So we bring you "Olympics, How Do They Work?" to explain/tell you everything about these wintry things.
Today, let's learn about: FIGURE SKATING.
So, uh, what is figure skating?
COME ON. You know what figure skating is. It's the marquee sport of the Winter Olympics! Like gymnastics, figure skating provides NBC the opportunity to show us incredibly talented teenage girls looking very sad or very happy after performing complex technical routines, the only part of which we could possibly understand is whether or not they fall down.
To actually answer the question though, I got in a pretty long debate during the last Olympics about whether figure skating is a sport or not.
If you view figure skating as an event demanding competitors to execute certain difficult athletic tasks and grading them on their ability to accomplish those tasks, it is certainly a sport, one of many at the Winter and Summer games that fits that description. Where it loses its sport-ness is the fact that competitors not only care deeply about presentation -- costume, appearance, choreography, musical choice -- its the fact that these elements are, in fact, graded parts of their performance that make it a bit unsporty.
So, there are different medals. How's that work?
There are five figure skating medals at these Olympics, four of which we've always had, and one of which is brand new.
Men's singles, women's singles and pairs (one guy, one girl) are pretty similar: all three ask competitors to do a short program and a longer "free" program, each of which have certain amounts of required elements, but the elements in each event are different, because guys can do different things from girls. (Also the official term is "ladies' singles, which just makes me sing ALL THE LADIES' SINGLES/ALL THE LADIES' SINGLES to myself.)
Ice dancing is the uptempo cousin of pairs skating. It's the same gist, but your song has to have a distinct rhythm/beat to it, and the elements you have to hit look a bit more, like, well, dancing.
The team trophy, which is new, will combine all of these, awarding each of the 10 teams 1-10 points for how well they placed in a given event.
I wanna know what's happening when I watch the figure skating. Can we make that happen?
No. No no no no no. You will not be able to discern what is going on as its going on.
Figure skaters do a variety of incredibly beautiful things that all look pretty good to us outsiders. However, insiders have ascertained the difficulty of each of those beautiful things and assigned point values to them. Bad jumps -- ones where the skater lands slightly off from the angle they should or lands on the wrong edge of their skate -- are nearly imperceptible to outsiders. Judges also award points to skaters who jump high or go into a jump with a lot of speed, whereas to us, once again, it just looks beautiful.
Still think you can figure it out? Okay. I suggest you head over to The Wire, which has made the jumps whose names you know into the GIFs.
Here's a triple salchow:
Here's a triple lutz:
You can tell the difference, right? Now try again, except in regular speed and without the GIF repeating.
I've helped you out by picking two very different jumps. As you can see, in the lutz, the skater jams one of her feet into the ground to provide power for takeoff.
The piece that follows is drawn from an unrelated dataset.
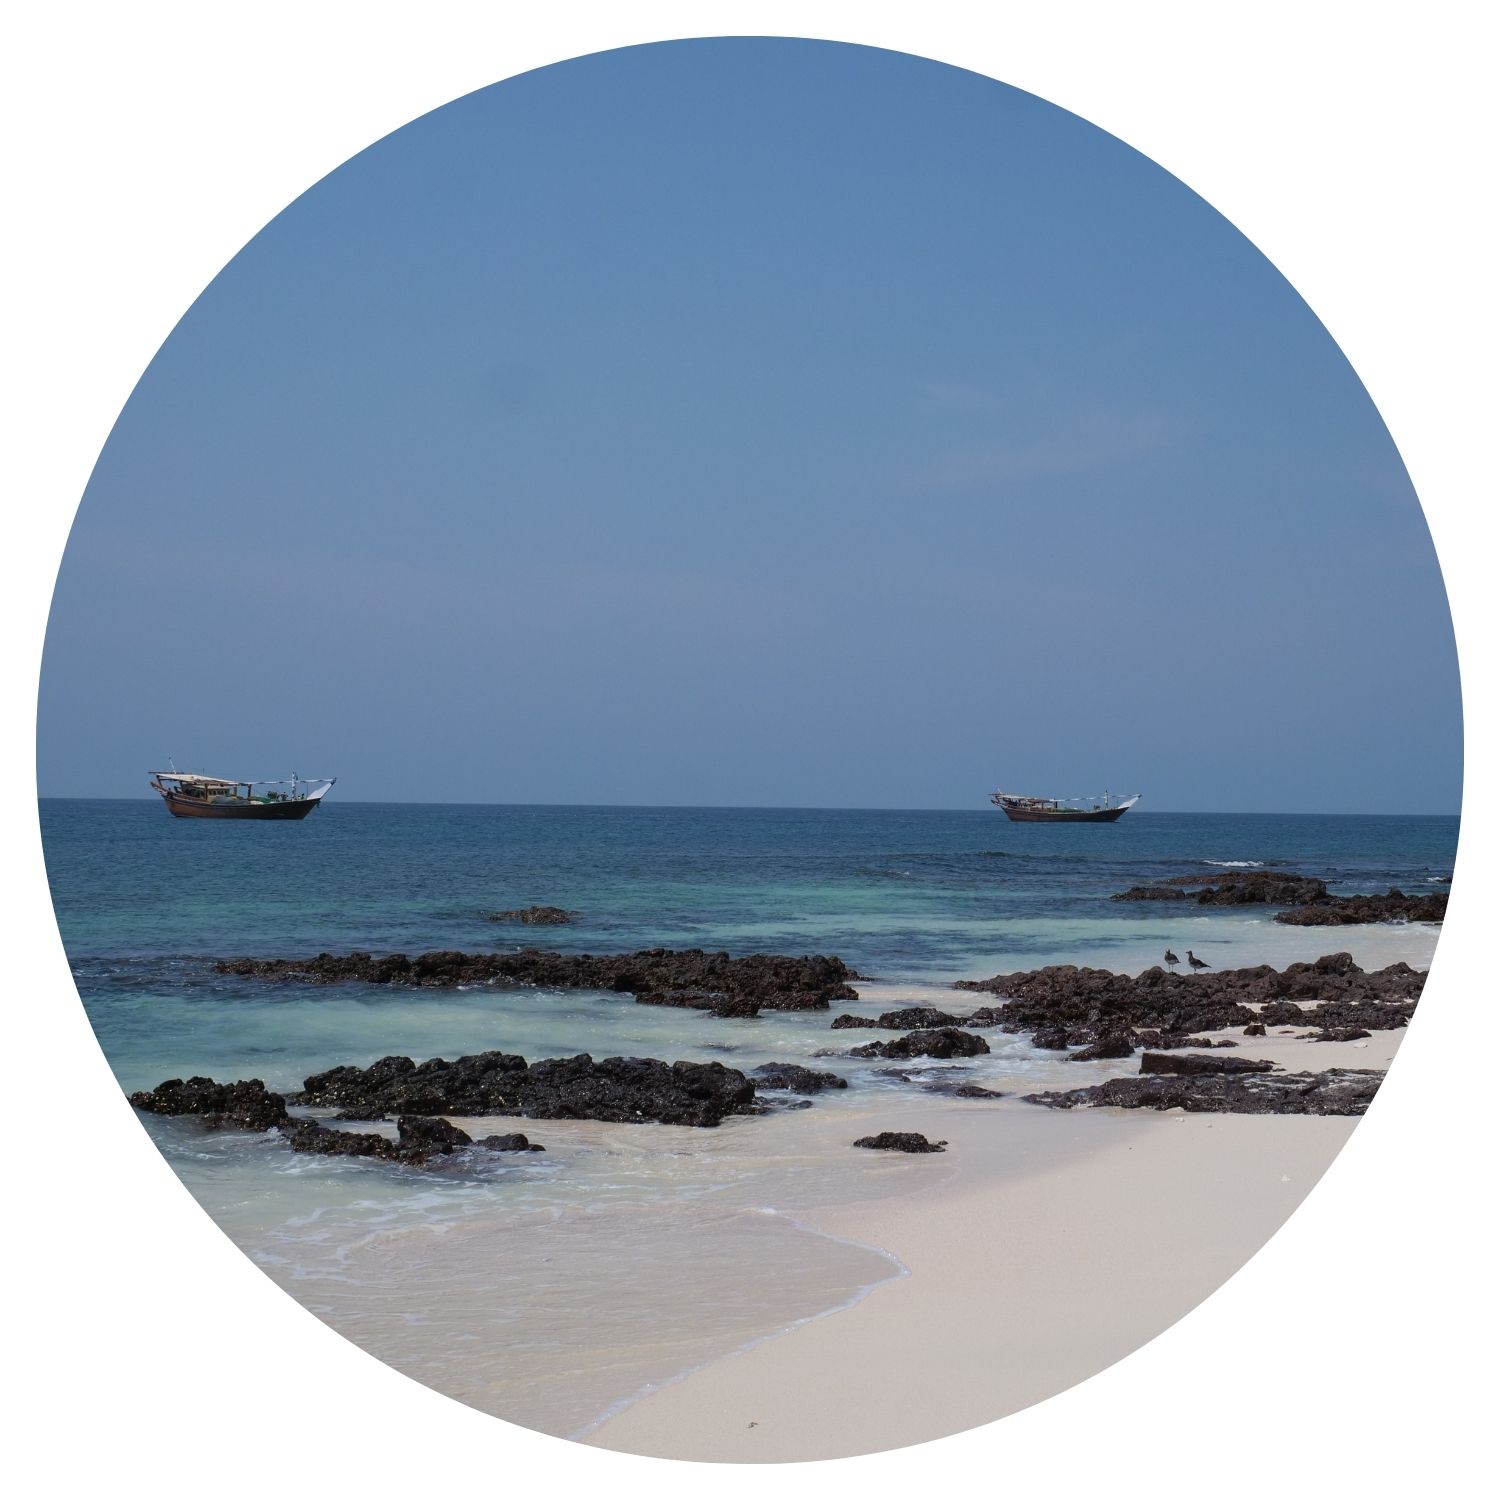 Deux bateaux se dirigent vers le bord de la mer, avec des petits rochers dispersés sur la plage au premier plan. La scène se déroule en Oman, offrant une vue pittoresque de la mer.

That makes this a toe jump, whereas the salchow is an edge jump, all the power coming from the edge of the skate.
Now tell me the difference between the triple lutz and this, the triple flip:
Yeah.
Like I said, check out that post on The Wire for the details of the minutiae of each jump. But now that you know those, you're ready to understand what's going on in real time, right? There are also stuff like spins -- when they spin without jumping -- and step sequences that are graded. And also the ones in pairs are completely different, because you can throw each other.
So, again, things are incredibly complicated. For the entire history of figure skating, the sport was graded on the 6.0 system: You do a routine, and it will be graded on a scale of 0.0 to 6.0 in technical skills and again for presentation.
Then came the 2002 Winter Olympics, when there was a point-trading scandal. You may remember, but if not, basically, a French judge gave a pair of Russian skaters additional points in return for another judge hypothetically giving a French skater more points. This was easy. All the judge had to do was say "5.8" instead of "5.7" and the fix was in. After the dust cleared, the Russian skaters and Canadian skaters shared gold, since both were very good, neither did anything wrong, and yay! Participation medals!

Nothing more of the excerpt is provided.